Before KENNEDY and RALPH B. GUY, Jr., Circuit Judges, and ENGEL, Senior Circuit Judge.

PER CURIAM.


Defendant, John Tye, was convicted after a jury trial of two cocaine offenses. Post-trial, Tye filed a motion for a new trial based upon newly discovered evidence. The motion was supported by affidavits. The district court denied the motion without holding a hearing. Tye now appeals and argues that his motion for a new trial should have been granted.

On August 5, 1988, Linda Thompson was arrested on a cocaine distribution charge. She agreed to cooperate with police who wanted to arrest her supplier, whom she identified as Ronald Horton. The DEA agents also hoped to find out who was supplying Horton. To that end, the agents arranged for Thompson to order a half-kilo of cocaine from Horton on the hope that the order was large enough so that Horton's supplier would also be present at the buy.

Upon arriving at the agreed upon location for the delivery of the cocaine, Thompson, in the company of an undercover DEA agent, was unable to find Horton. She called Horton at his girlfriend's house and learned that Horton was with defendant Tye. Thompson left a message for Horton to call. At approximately 10:30 p.m., Horton called Thompson on her car phone. He initially wanted to change the location of the buy to his girlfriend's house, but Thompson, at the direction of the DEA agent, refused. A McDonald's parking lot was then agreed upon.

At 11:00 p.m., Tye, driving a 1988 black Cadillac with Horton in the passenger seat, pulled into the McDonald's lot and immediately turned off his lights. He pulled his vehicle around the McDonald's building and came within a few feet of Thompson's car. Thompson saw the car and whistled, but Tye kept going and drove over to the west end of the McDonald's lot. At that point, Tye exited the car and walked over to a telephone located on the wall of a Stop-N-Go convenience store which abuts the McDonald's parking lot. He appeared to use the phone, then returned to the McDonald's parking lot where he began looking around the parking lot. He then re-entered his vehicle, turned the lights back on, pulled back out onto the street and drove around the block. Tye then re-entered the McDonald's lot, turned off his lights again, and pulled up directly beside Thompson's car.

Thompson knew Tye, but had had no prior drug dealing with him. After a brief conversation between Tye and Thompson, Horton exited Tye's car and entered Thompson's. Horton was carrying a sweater inside of which was the half-kilo of cocaine. As soon as Thompson made sure Horton had the cocaine, she gave a prearranged signal, and agents who had been in the area approached the two cars and arrested both Tye and Horton.

Both Horton and Tye were indicted, but Horton decided to plead guilty and agreed to testify against Tye at trial. Horton testified at the trial that for the past three or four years he had been engaged in the distribution of cocaine in the Cincinnati area.
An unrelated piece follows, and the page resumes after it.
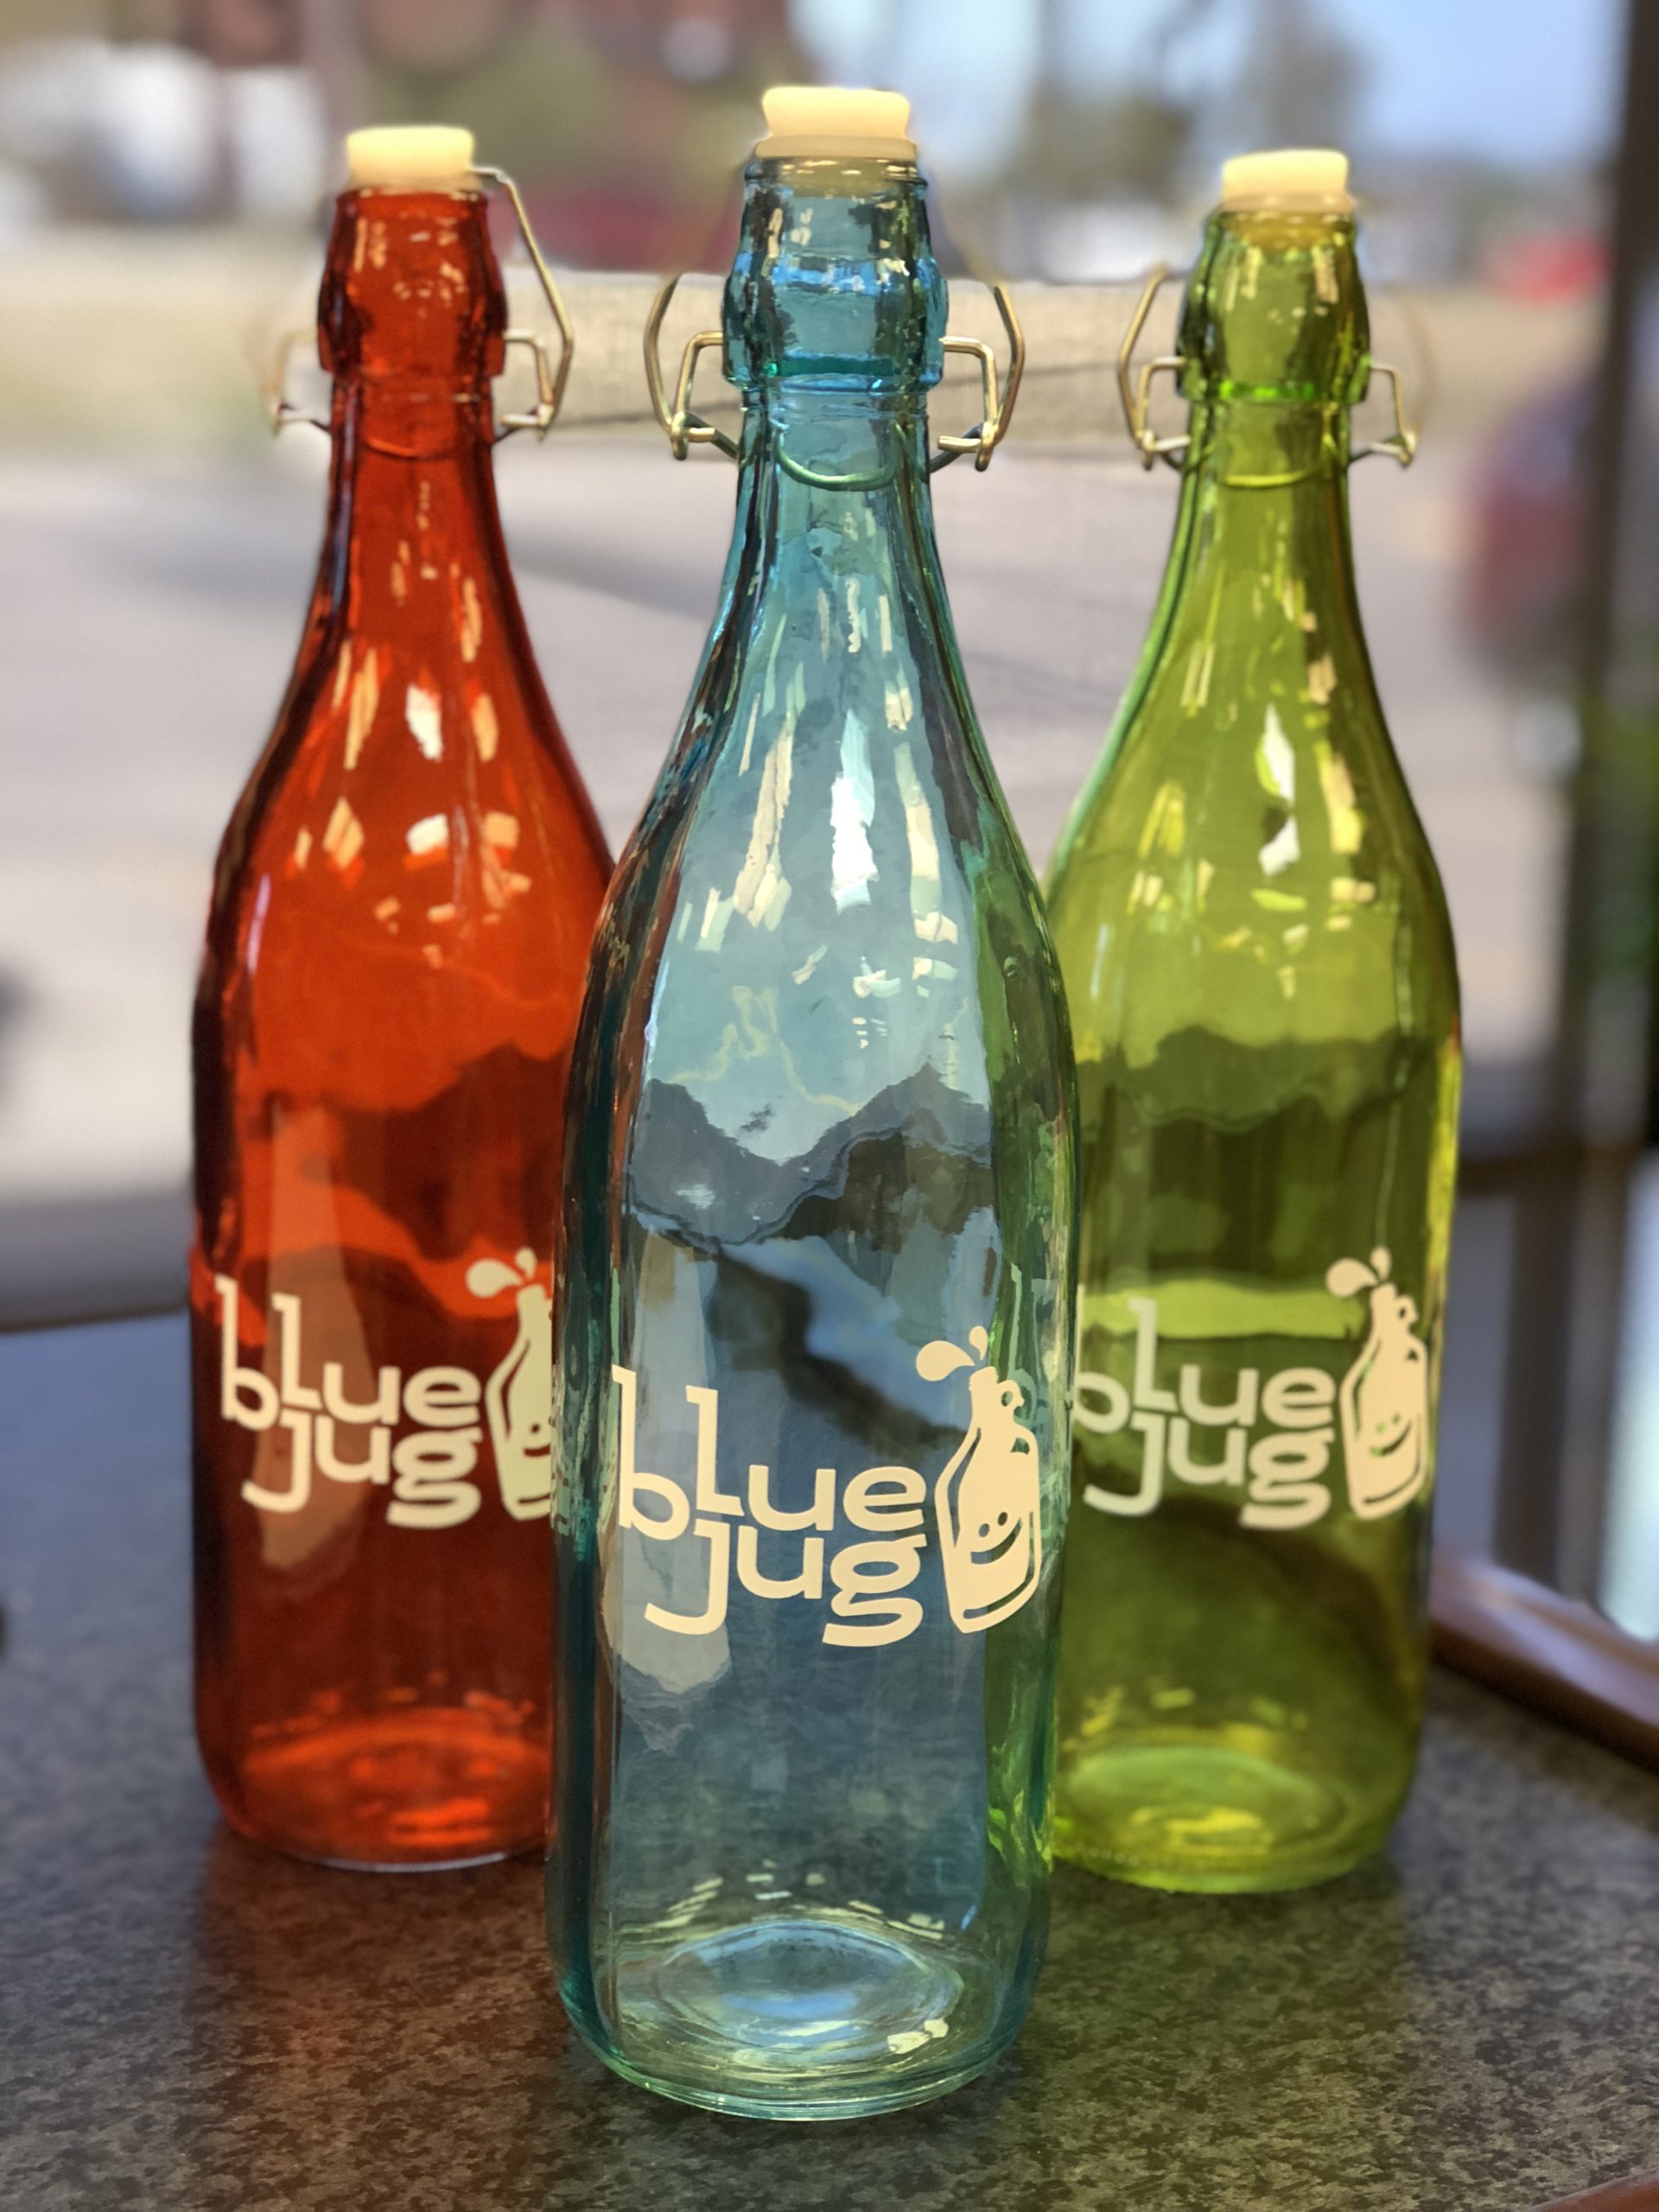 Three vibrant ‘blueJug’ bottles in red, blue, and green

He testified that he acted primarily as a middleman. He indicated he had known Tye for three or four years and that they did cocaine deals together. Tye supplied the cocaine while Horton set up sales and delivery. Horton further testified that when a large quantity of cocaine was involved, Tye would stay in the immediate vicinity of the exchange.
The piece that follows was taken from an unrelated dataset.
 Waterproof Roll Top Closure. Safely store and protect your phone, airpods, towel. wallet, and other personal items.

As to the Thompson sale, Horton testified that he received a call from Thompson at his girlfriend's house. Thompson wanted a half-kilo of cocaine. Horton was with Tye who told him he could supply it. Horton also explained that, when he and Tye arrived at the McDonald's lot, they did not immediately approach Thompson's car even though they saw it, because they were looking for undercover police vehicles.

At trial, Linda Thompson and undercover DEA agents also testified. On November 17, 1988, Tye was convicted of both counts with which he was charged. On March 17, 1989, Tye filed a motion for a new trial based on newly discovered evidence, which evidence was set forth in three sworn affidavits and one signed but unsworn statement.
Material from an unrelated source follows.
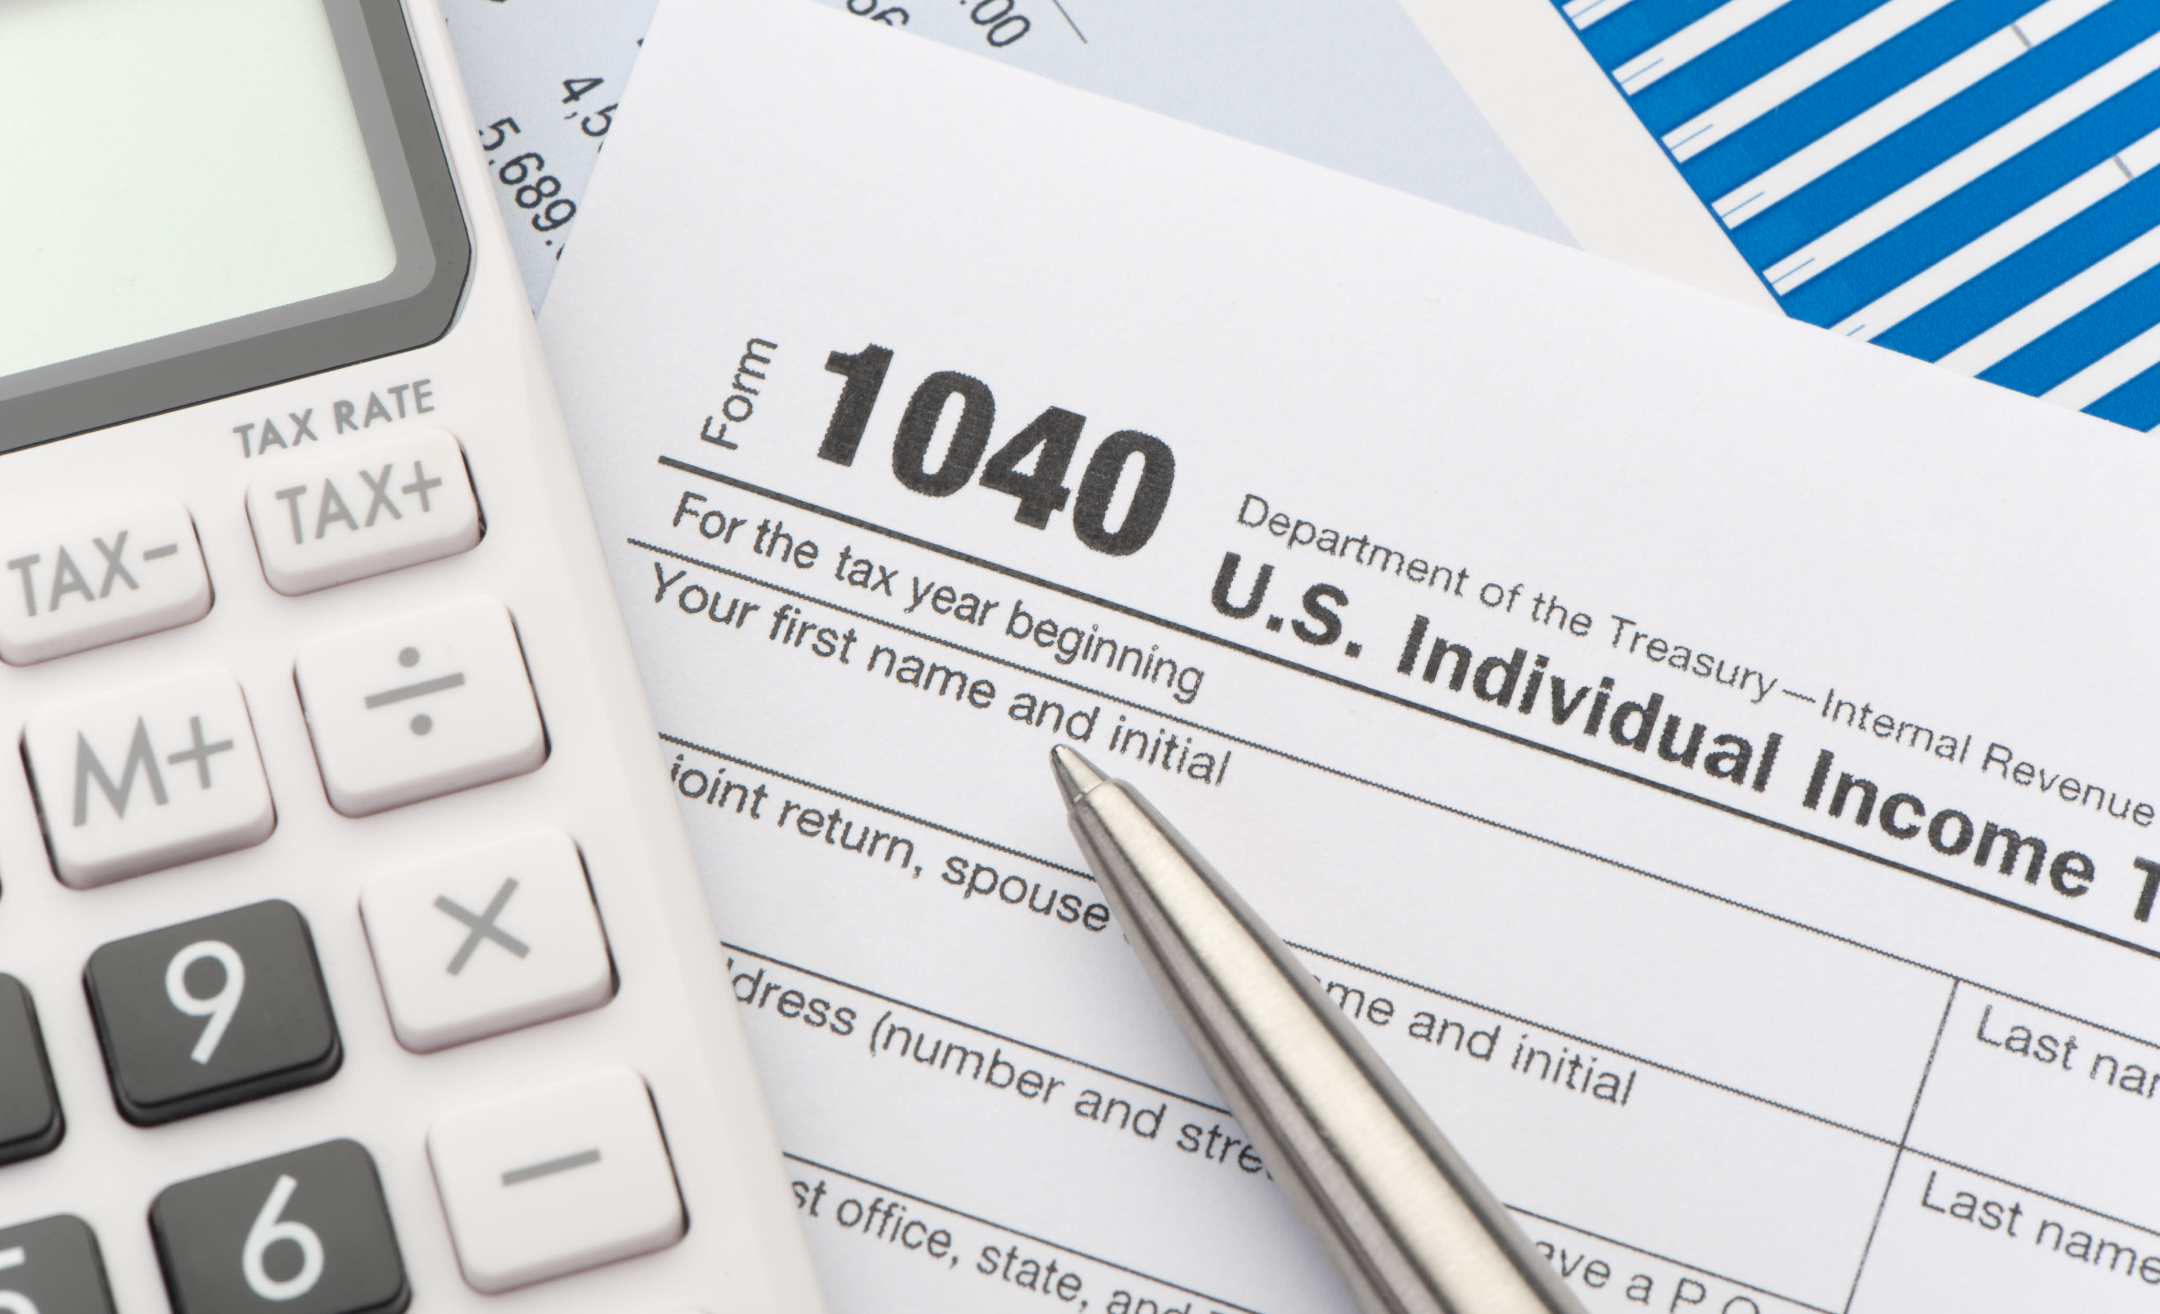 taxes - 4.5. 5.689. 5 50 1040 For the tax year beginning Department of the TreasuryInternal Revenue U.S. Individual Income T Your first name and initial ioint return, spouse Tax Rate TaxTax |M M 9 56 X 'dress number and stre st office, state, and Last nar

All four of the statements which constituted the newly discovered evidence were from persons who had talked to Horton after his arrest or had overheard him talking to others. Without attempting to detail the contents of the affidavits which are part of the record, suffice it to say that the gist of three of the affidavits was to the effect that Horton was not too worried about his arrest because Tye was "going to take the fall." The fourth affidavit was from an individual who indicated that he overheard Horton tell a bail bondsman that Horton would pay the balance of the money required for Tye's bond if the bail bondsman could get Tye out of jail. At trial, Horton testified as follows:

Q. So you participated in getting the bond for Mr. Tye?

A. No. She got the bond for him. She [ ] went and borrowed the money from his grandmother.

Q. You didn't agree to pay any part of it?

A. No. I told her if I could help her--I didn't have any money myself. I could have borrowed some money to help because I figured we were friends.

(App. at 37).

Tye claims this affidavit contradicts Horton's testimony at trial. Tye argues that this contradiction indicates a predilection to perjury on the part of Horton.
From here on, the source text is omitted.